На мгновение сомнения всплыли вновь, и у меня возник соблазн отступить.
Затем Шон слегка поднял голову и тихо сказал через плечо:
«Чем дольше ты там стоишь, тем холоднее становятся твои ноги».
Ты даже не представляешь, насколько ты близок к этому, Шон...
Я пересекла комнату в полдюжины шагов, подняла тяжёлое атласное одеяло и скользнула к нему. И вскоре все мои сомнения по поводу этого упражнения развеялись окончательно.
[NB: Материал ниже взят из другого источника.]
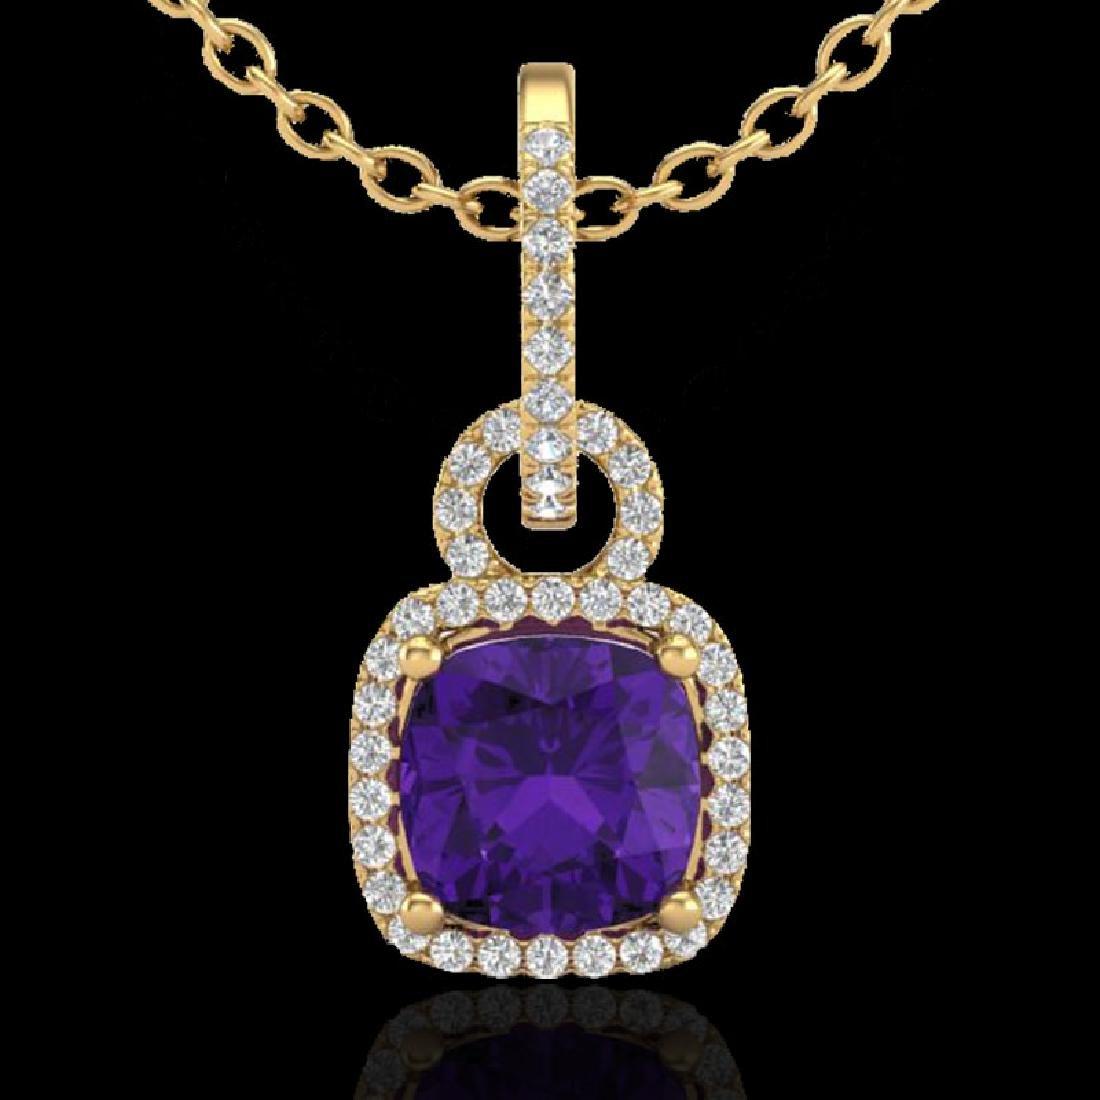 3.50 CTW Amethyst & Micro VS/SI Diamond Necklace 18K - 2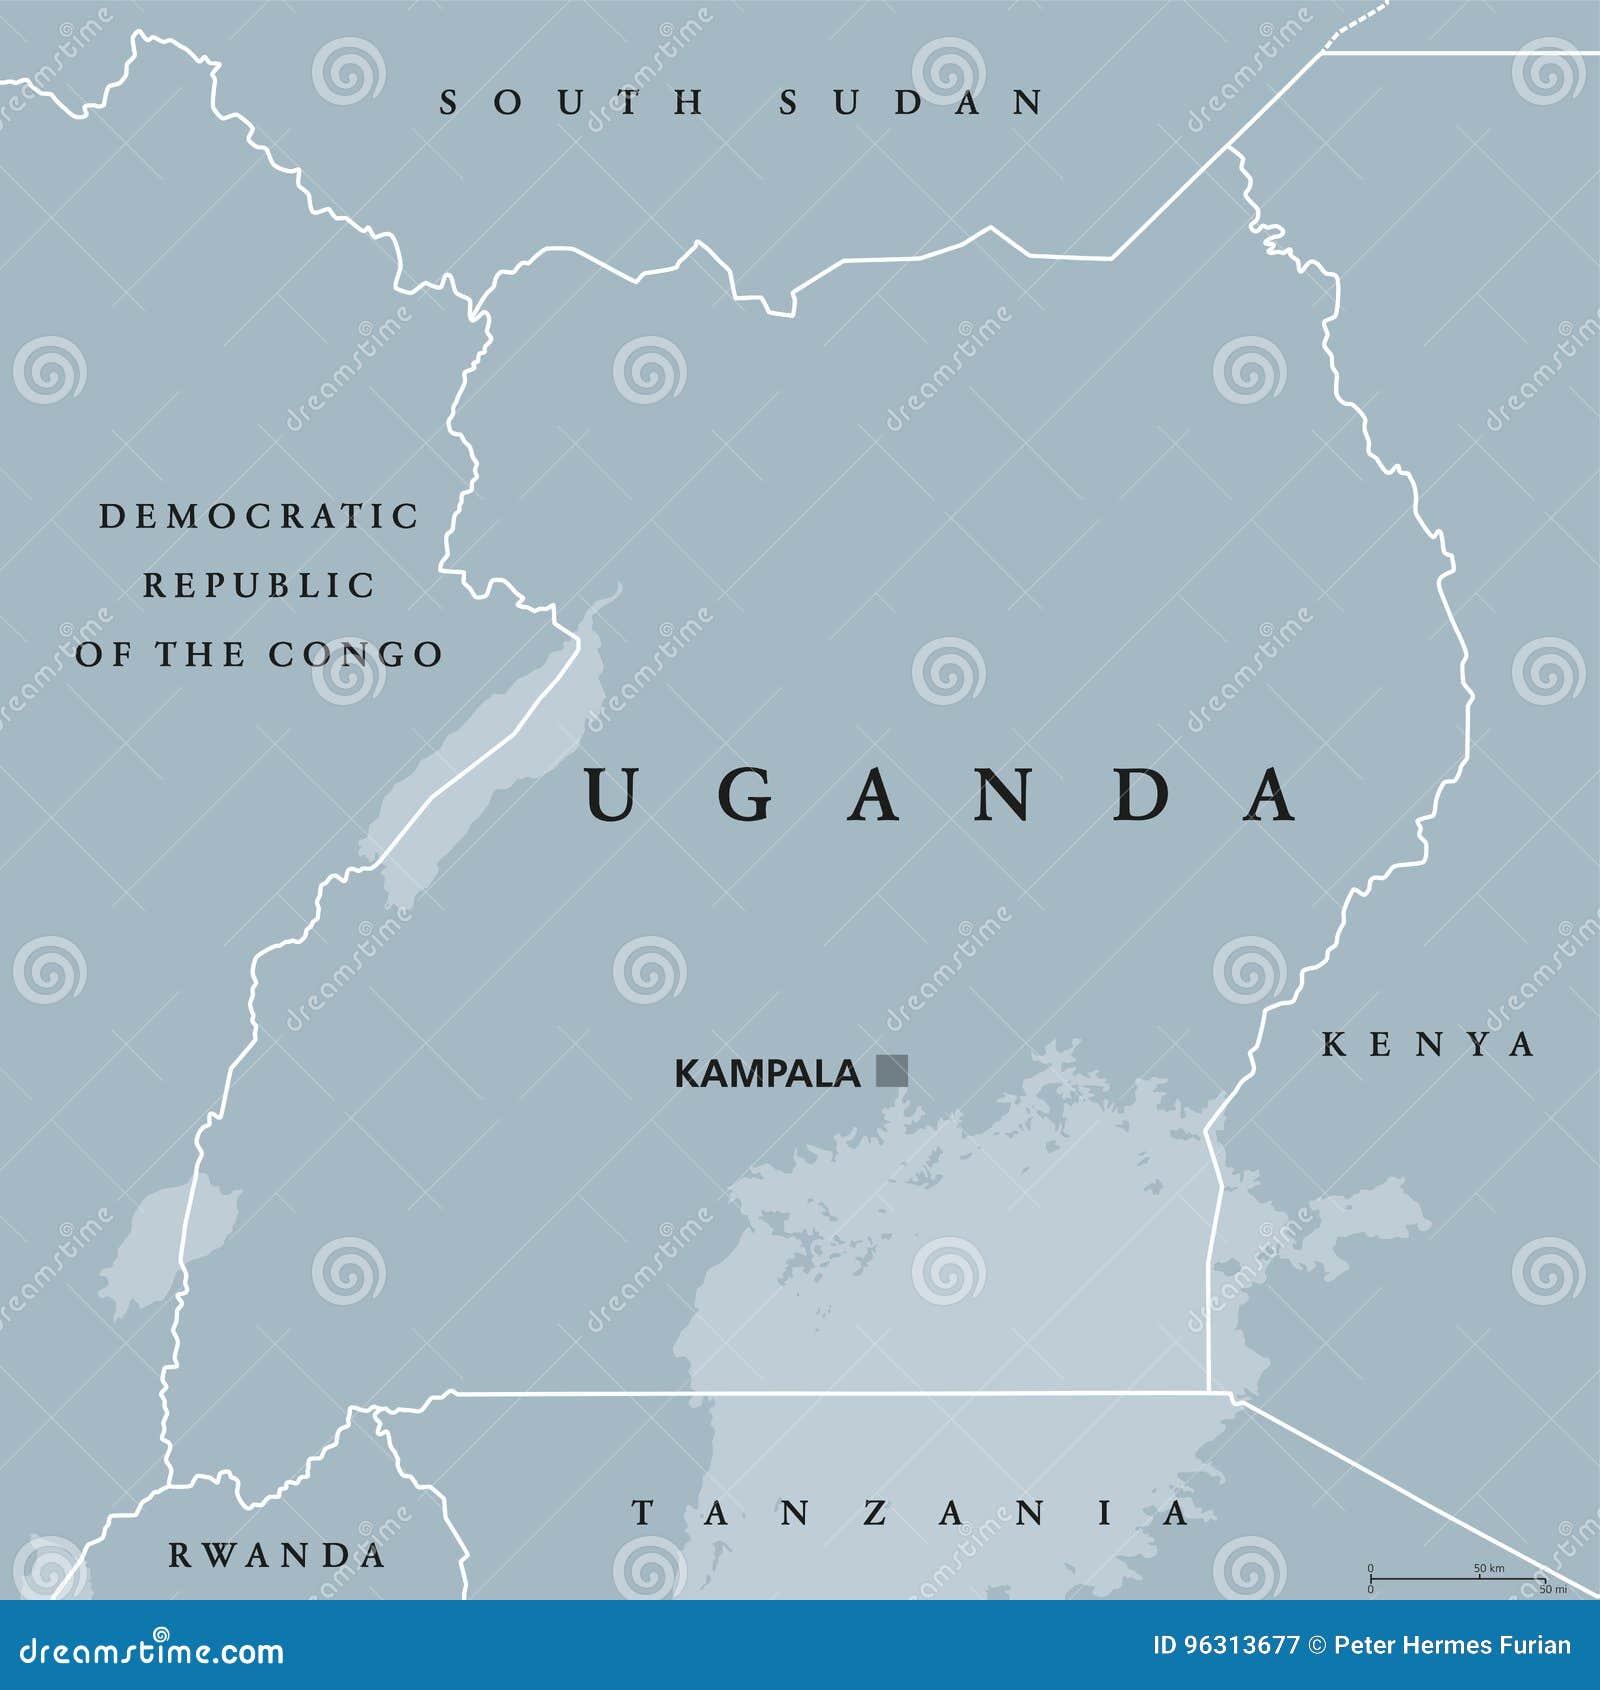 Map Of Africa Lake Victoria.Uganda Political Map Stock Vector Illustration Of Lake 96313677

И вот, когда я пыталась незаметно выскользнуть из-под смятого одеяла меньше чем через шесть часов, он моргнул и открыл глаза. Я восприняла его затуманенный взгляд как огромный комплимент. Это означало, что рядом со мной Шон чувствовал себя в достаточной безопасности, чтобы полностью расслабиться. По крайней мере, иногда.
«Привет», — сказал я, услышав дрожь в голосе.
Он улыбнулся, и его лицо полностью преобразилось, исчезла жестокость, таившаяся под поверхностью.